Adela Cortina publicó este año un libro que tituló “Aporofobia, el rechazo al pobre”, y que subtituló, correctamente, “Un desafío para la democracia”, en el que no se demora prácticamente nada para ilustrar aquella palabra con el hecho de que a España llegan cada año casi 70 millones de turistas extranjeros, recibiendo el eufórico aplauso del gobierno, los comerciantes y los medios de comunicación, un fenómeno que contrasta con la xenofobia, es decir, con el miedo y aversión al extranjero pobre que arriba a ese mismo país, o a cualquier otro de la Unión Europea, y que, sin equipaje ni euros en sus bolsillos, busca oportunidades de sobrevivencia y de trabajo que el suyo no le brinda. En el caso de España, esos forasteros pobres provienen de Siria, Libia, Afganistán, Nigeria, Albania, Somalía, Irak, Bangladesh, mientras que en el caso de Chile lo hacen de Haití y naciones de América Latina. Así las cosas, por un lado entusiasta acogida a los turistas extranjeros ricos y, por el otro, rechazo inmisericorde a la oleada de extranjeros pobres. Dicho de otra manera: xenofobia para los primeros y plutofilia para los segundos.
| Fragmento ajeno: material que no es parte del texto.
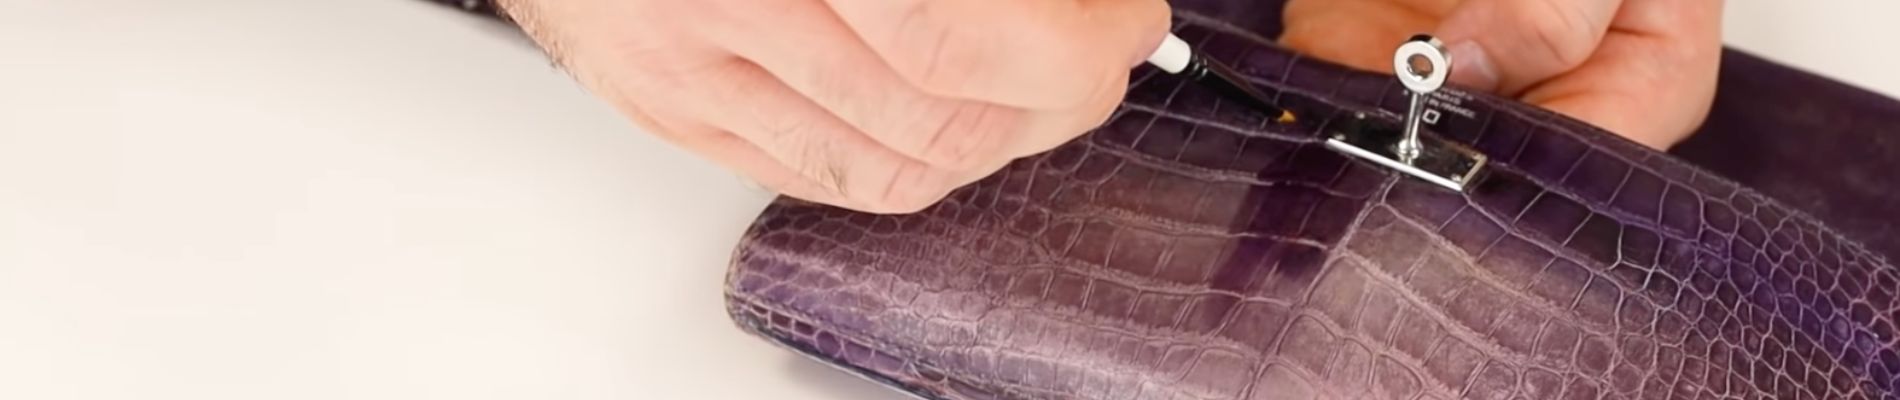 repair your exotic handbag at the handbag clinic

Lo bueno de las palabras es que hacen notorio aquello que se alude con ellas. Si perder palabras equivale a extraviar las cosas que designamos con ellas, ganar un término –en este caso “aporofobia”- sirve para hacer más visible el fenómeno que se menciona con él. Ese hecho es aquí la molestia que suele causar la súbita, inesperada y en ocasiones masiva presencia en nuestro medio de personas que carecen de los recursos materiales suficientes, a quienes se ve como una amenaza para nuestros trabajos, nuestra seguridad, nuestra propiedad y nuestra cultura. Aplaudimos la globalización del comercio y la libre circulación de los productos que nos interesan, celebramos también el libre movimiento del dinero a escala mundial (algunos lo celebran incluso cuando va a paraísos fiscales), pero desconfiamos de las personas que llegan con lo puesto y caemos con facilidad en el discurso de la sospecha, la aversión y el rechazo.

Es probable que nuestros cerebros reaccionen biológicamente contra el extranjero y, particularmente, contra el extranjero pobre, pero el cerebro humano es plástico y, como tal, puede ser entrenado para modificar sus propios condicionamientos biológicos, y ese entrenamiento se llama “simpatía”. Preparados biológicamente para el egoísmo, podríamos adiestrarnos, educación mediante, para el altruismo y la cooperación, haciendo trabajar para ello nuestras neuronas espejo. El mismo Adam Smith estaría de acuerdo en esto si uno se atiene a su “Teoría de los sentimientos morales”.

¿Cómo estamos manejando nuestra aporofobia local, enfocada en los chilenos pobres, y cómo lo estamos haciendo con la que con mayor fuerza aún rechaza al pobre que es extranjero? ¿Cuánta aporofilia estamos los chilenos dispuestos a desarrollar en nombre de la justicia y no solamente de la caridad?